▶ _WHAT YOU ARE ASKED TO DO_
Please reproduce the listing verbatim, without its images.

▶ _RAW DATA_
────

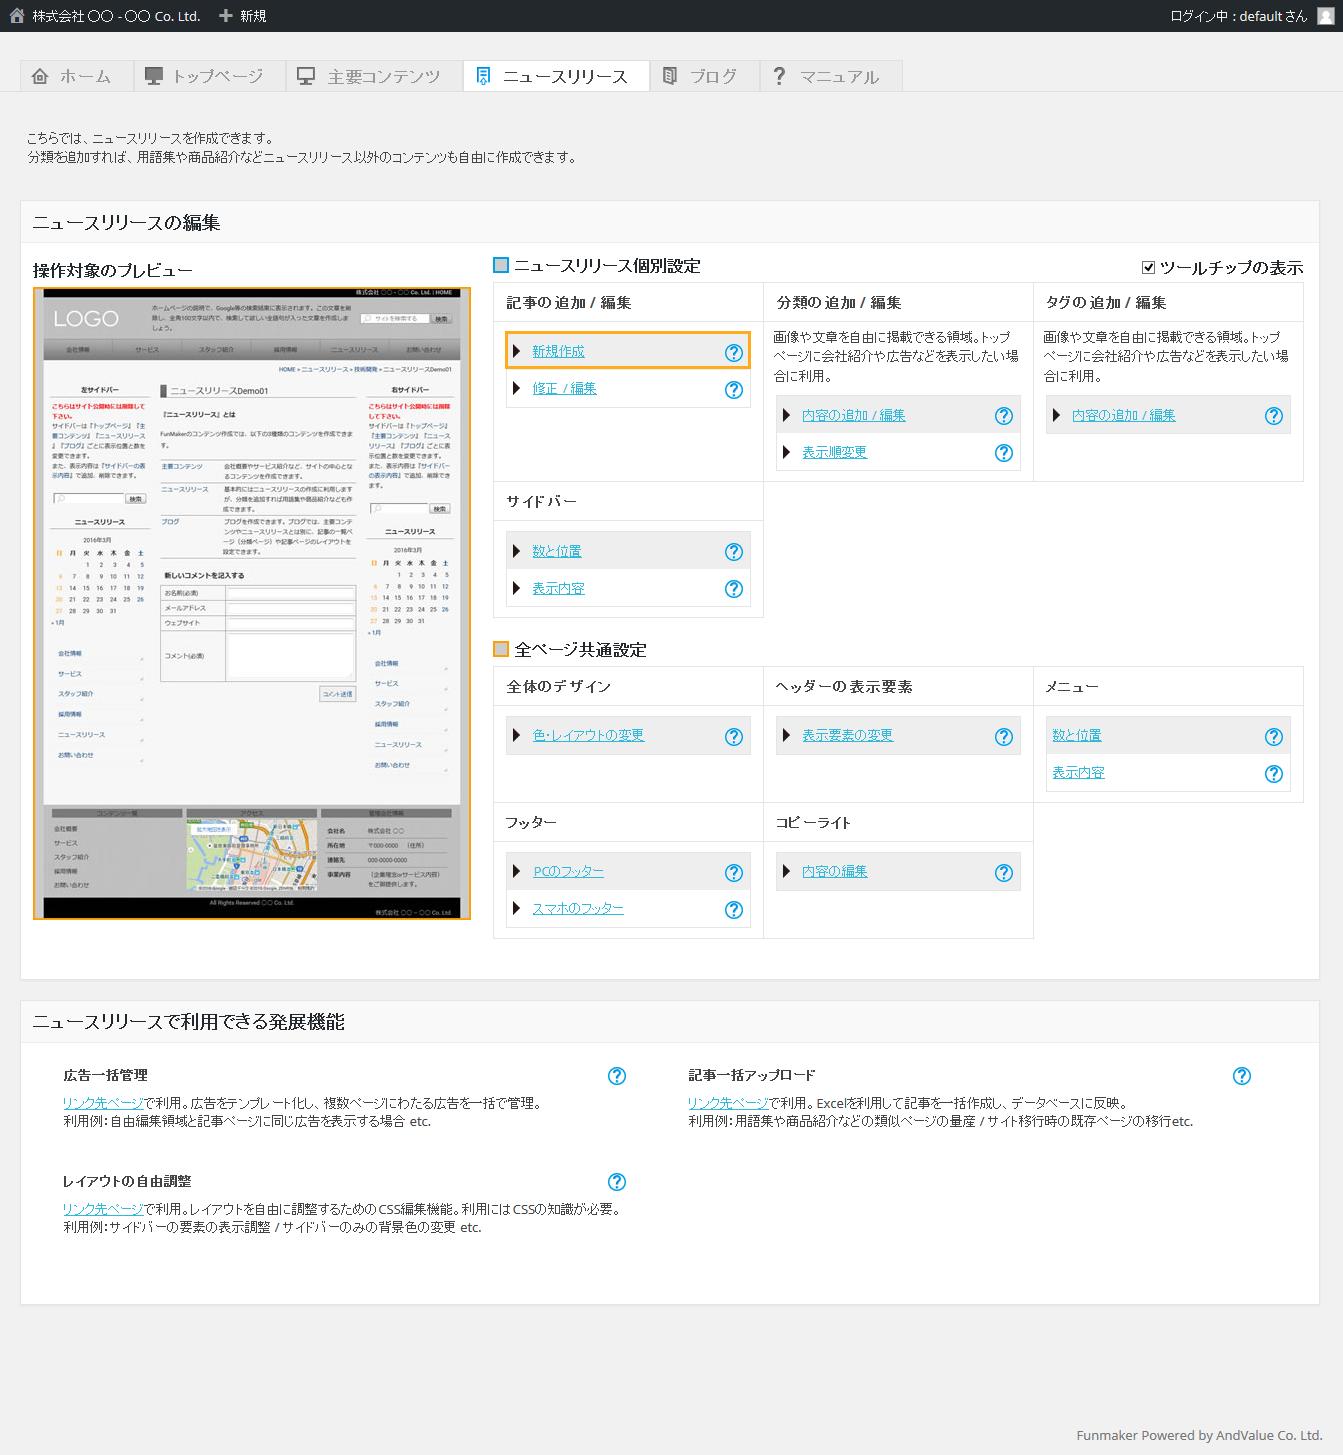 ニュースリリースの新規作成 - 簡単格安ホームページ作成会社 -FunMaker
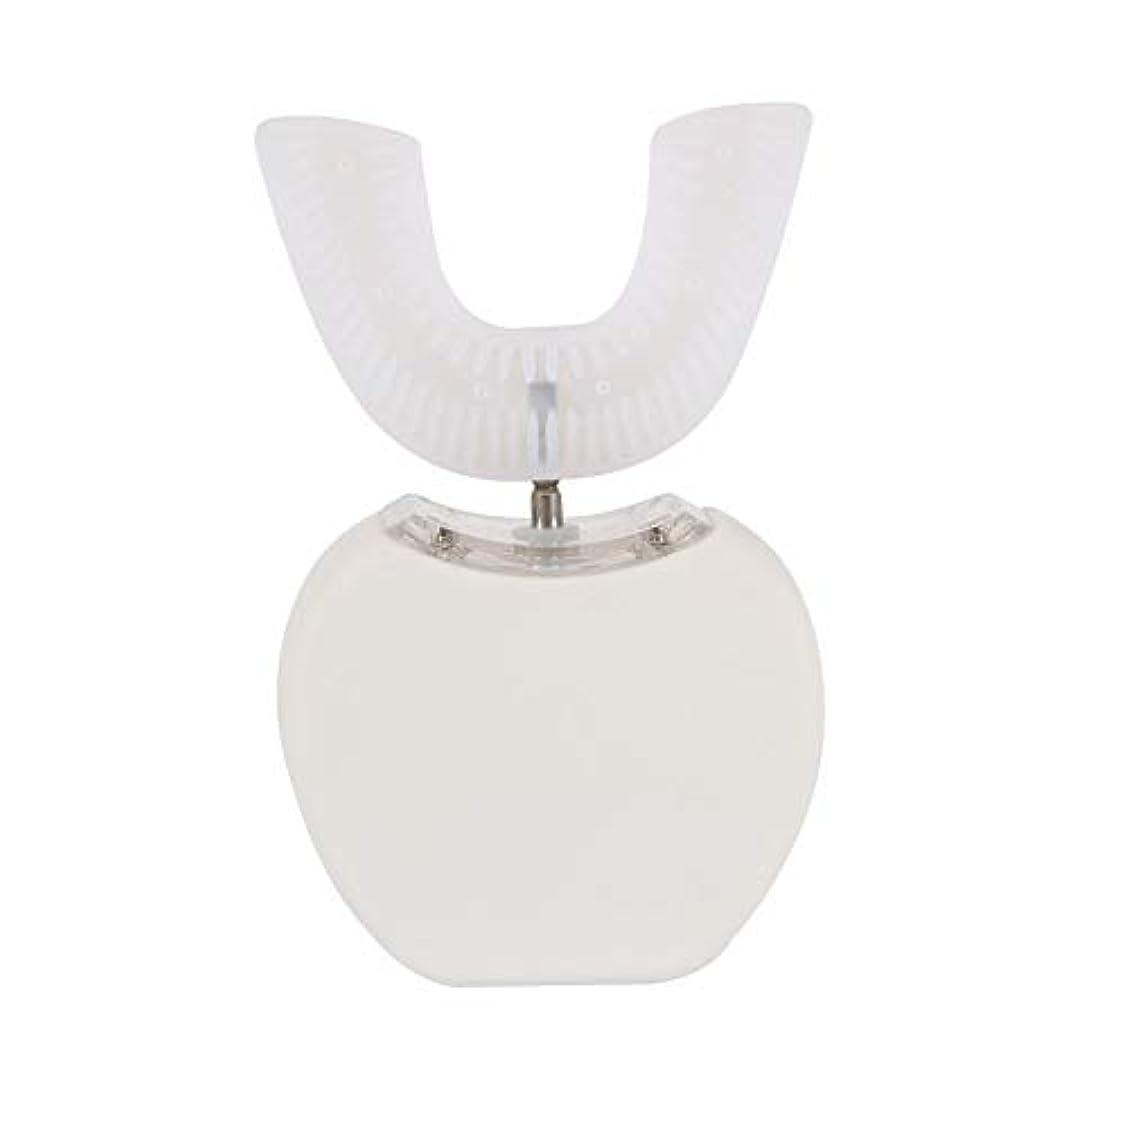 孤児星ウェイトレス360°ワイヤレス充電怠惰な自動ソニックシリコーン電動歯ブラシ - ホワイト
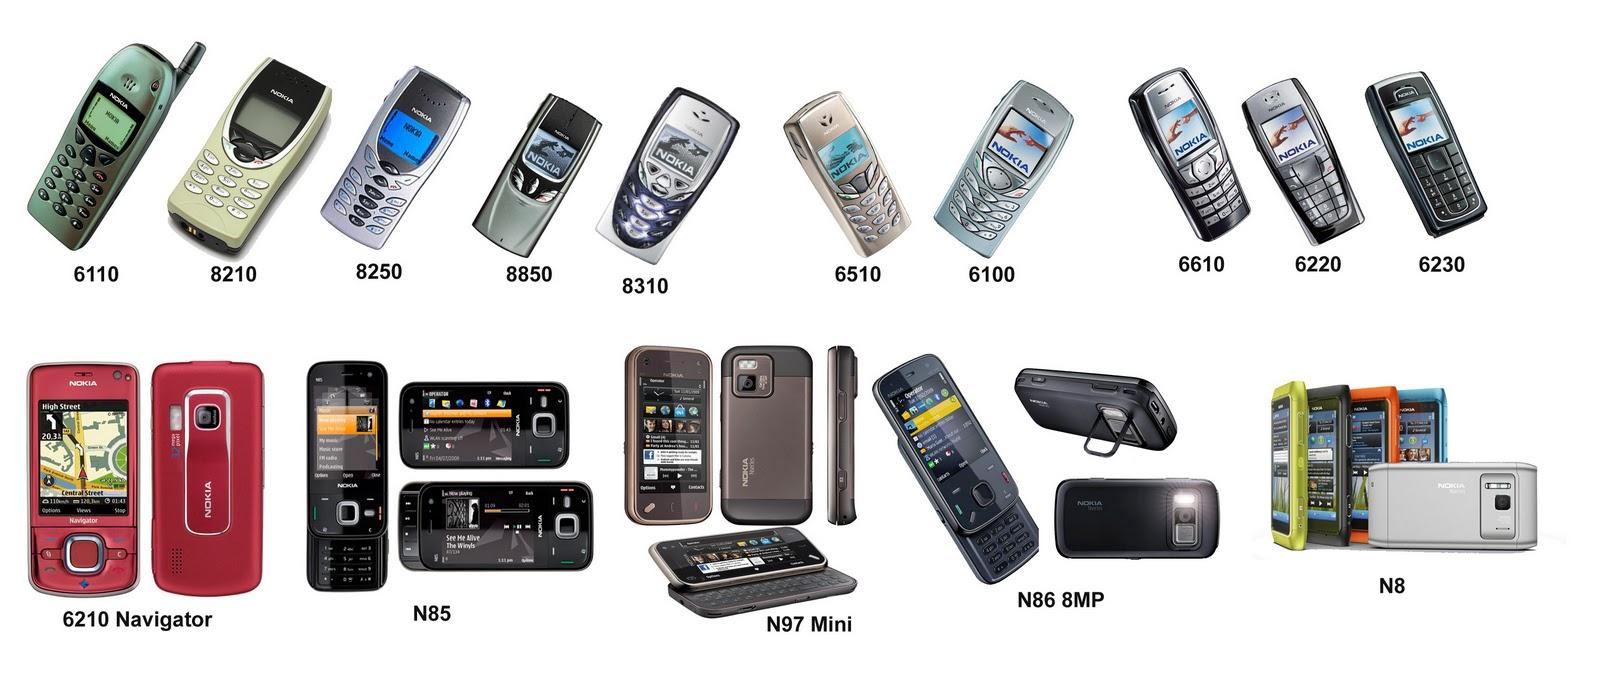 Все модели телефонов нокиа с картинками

────

▶ _SOLUTION TO THIS PROBLEM_
 ニュースリリースの新規作成 - 簡単格安ホームページ作成会社 -FunMaker
 孤児星ウェイトレス360°ワイヤレス充電怠惰な自動ソニックシリコーン電動歯ブラシ - ホワイト
 Все модели телефонов нокиа с картинками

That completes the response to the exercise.